> WHAT TO PRODUCE
Transcribe all of the data verbatim, please, and leave out its pictures.
GIVEN MATERIAL START
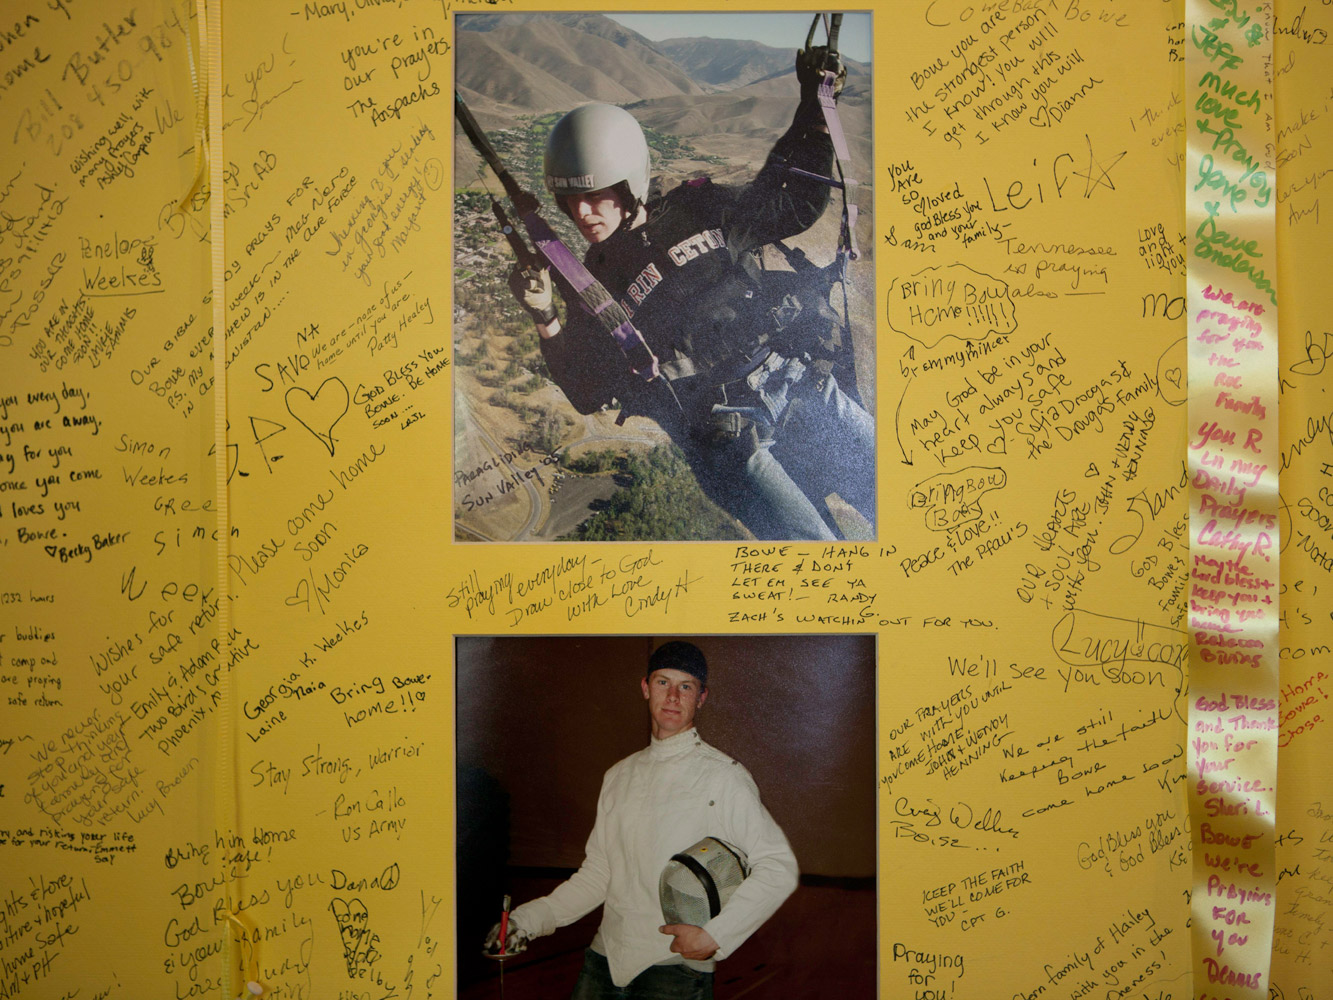 Photographs of Bowe Bergdahl on a large homemade poster that has been
                              signed by Bowe's loved ones and members of the community in Hailey, Idaho.
                              The poster is tacked to the wall in Zaney's coffee house.
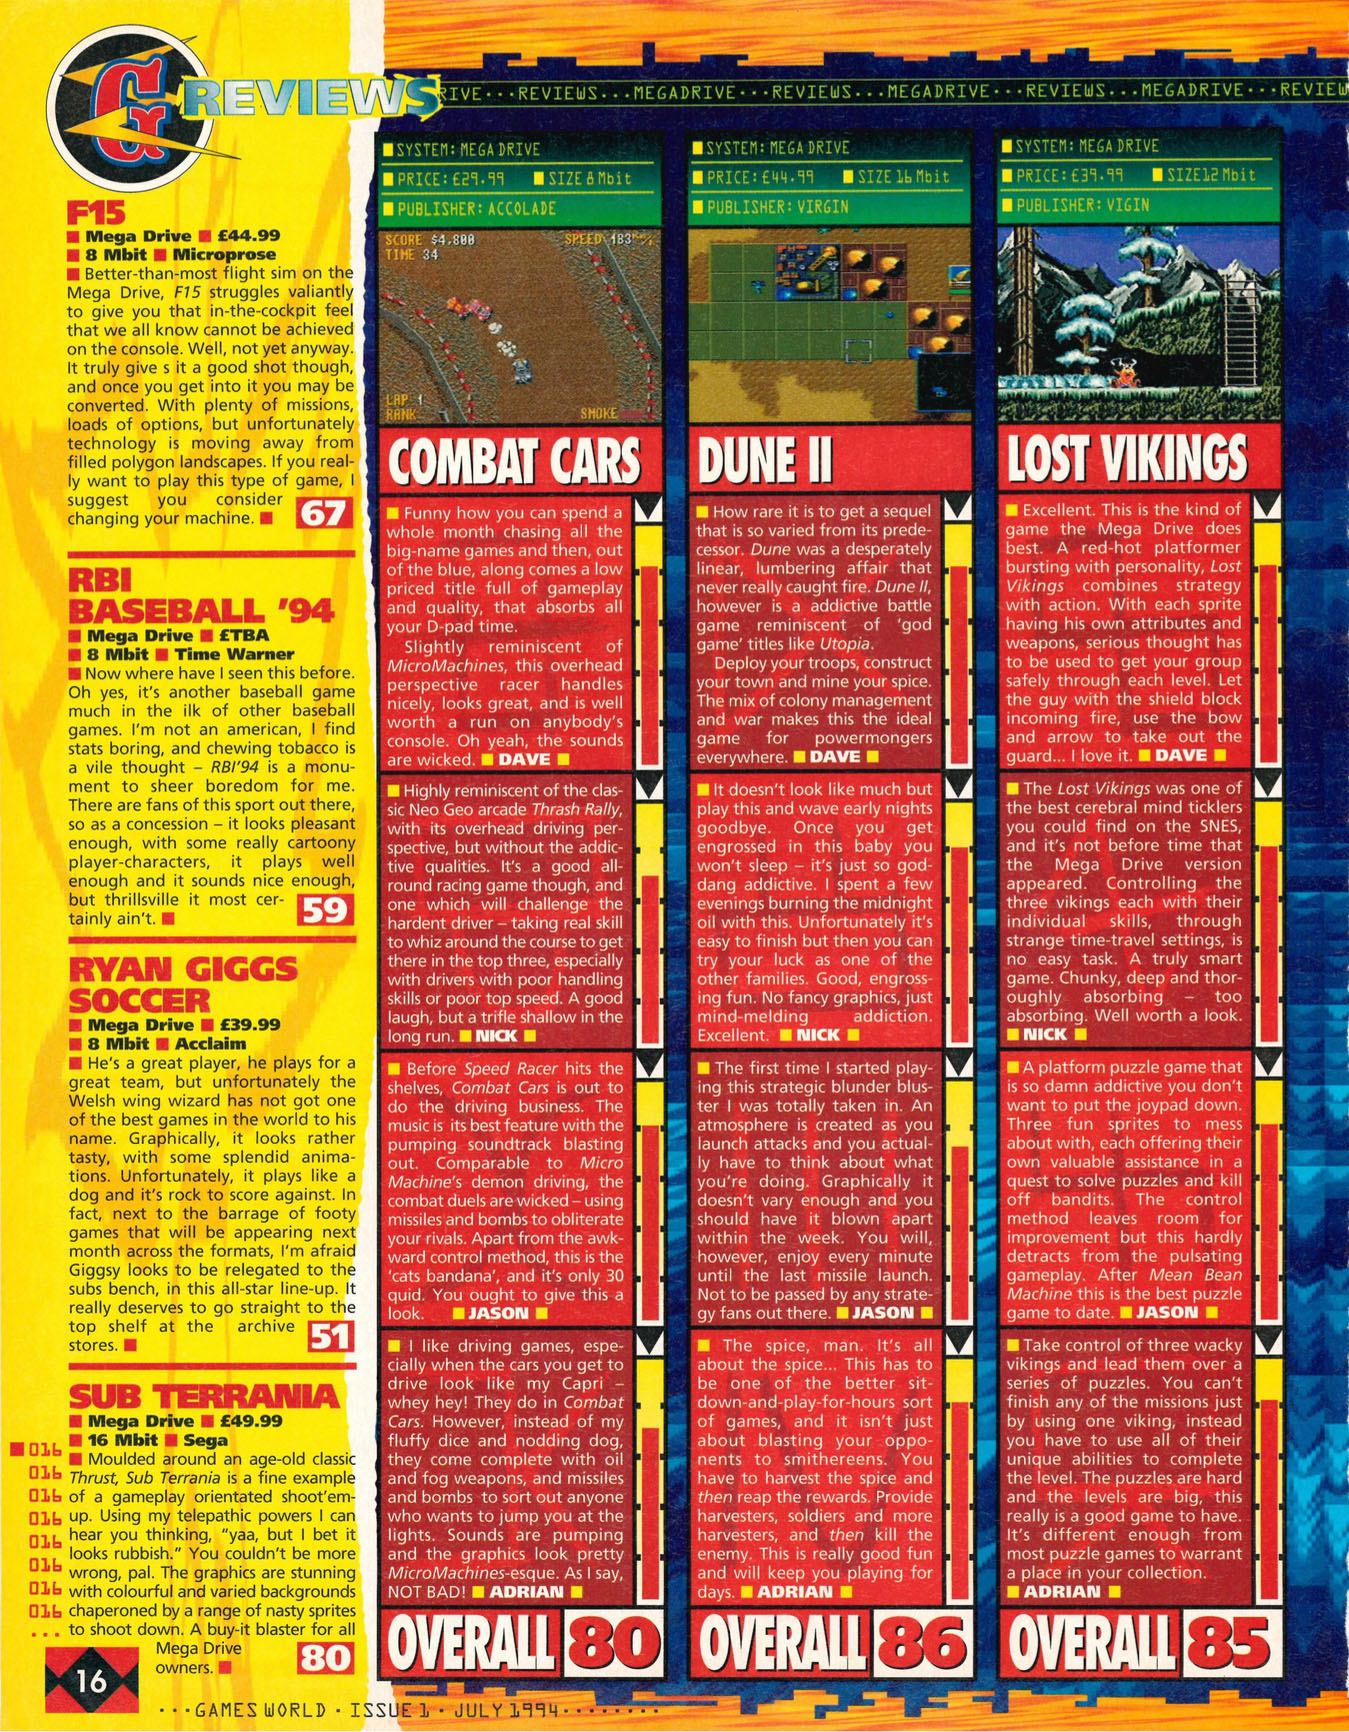 RBI Baseball '94 Review, Games World July 1994 page 16
GIVEN MATERIAL END
> TASK ANSWER
 Photographs of Bowe Bergdahl on a large homemade poster that has been
                              signed by Bowe's loved ones and members of the community in Hailey, Idaho.
                              The poster is tacked to the wall in Zaney's coffee house.
 RBI Baseball '94 Review, Games World July 1994 page 16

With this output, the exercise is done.